In the years since Orange’s premiere, Netflix has seized on diversity as something of a calling card. Often, the company has done so cynically, as when it attempted to soften the blow of cancelling One Day at a Time by touting its bona fides. But Netflix has also backed this rhetoric up with real investment, starting with a show about women of every age, race, size, and sexual orientation forced to endure together. The animated rainbow logo that plays before every Netflix product stands for the queasy idea that catering to every demographic is good business for a corporation that wants to be in every household. Yet Orange was an early indication that Netflix’s global ambitions could also incentivize good art.

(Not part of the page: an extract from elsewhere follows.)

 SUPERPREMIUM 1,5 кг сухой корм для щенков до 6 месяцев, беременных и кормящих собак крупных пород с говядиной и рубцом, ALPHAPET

Season 7 of Orange is neither its worst nor its best. For a deliberately decentralized patchwork, an ending is an inherently tricky exercise. Why stop now when you’ve already made the case you could go on forever? The prison-industrial complex isn’t going to wind down anytime soon, nor will Litchfield run out of inmates. Orange tries to maneuver around this problem by awkwardly reattaching itself to Piper’s journey as she navigates parole, though the audience has long stopped viewing her as a surrogate. Still, Orange admirably multitasks by introducing yet more women for the system to indifferently persecute and the show to empathetically shade in, many of them through a topical subplot set at an ICE detention center. (One of the more tragic indications that Orange was well ahead of its time is how well positioned it is to address the carceral state’s latest horrific outgrowth.)

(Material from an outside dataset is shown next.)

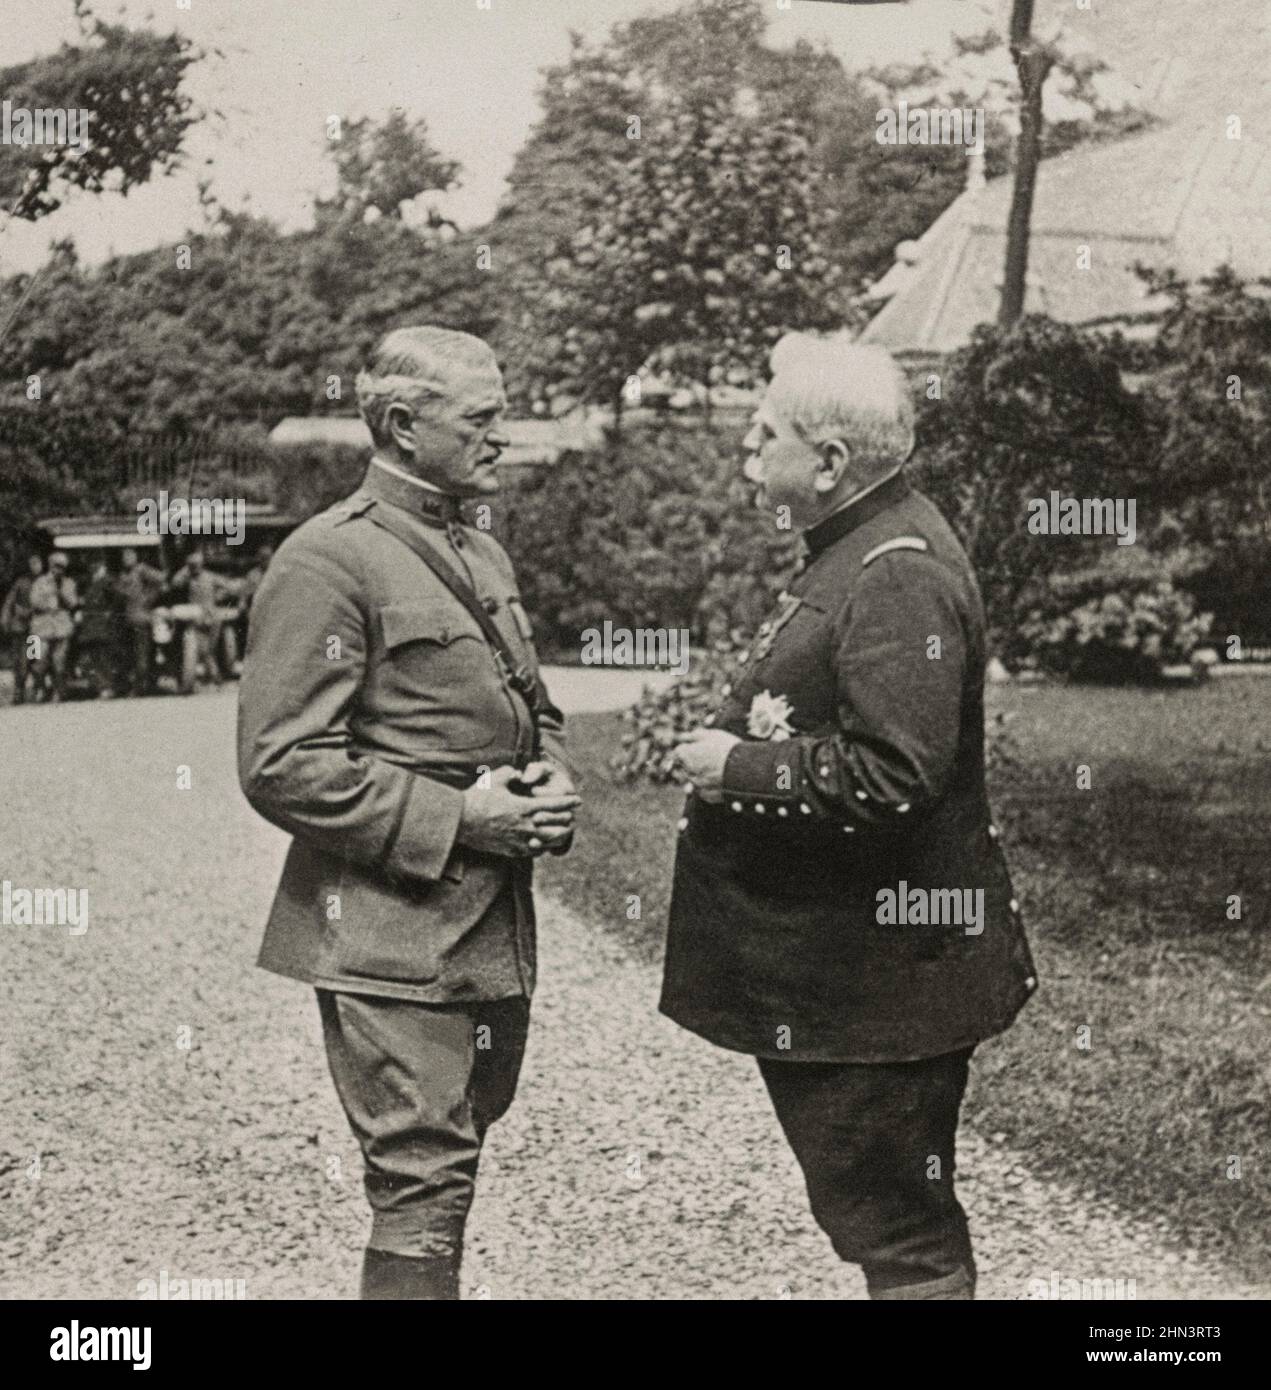 Foto vintage del mariscal de Francia Joseph Joffre y del general John J. Pershing en los Jardines del Gobernador. París, Francia. 1918 Foto de stock

On top of these already significant undertakings, Orange lumps in the standard final-season work of revisiting old friends, whether transferred prisoners or fired guards. Understandably, the episodes visibly strain to accomplish everything they set out to, particularly toward the very end. Delivering closure, let alone dozens of forms of it, is hard. But there’s arguably no more Orange way to go out than biting off slightly more than it can chew. Besides, exactly how Orange ends is of little significance compared to how it will live on—and that was guaranteed long ago.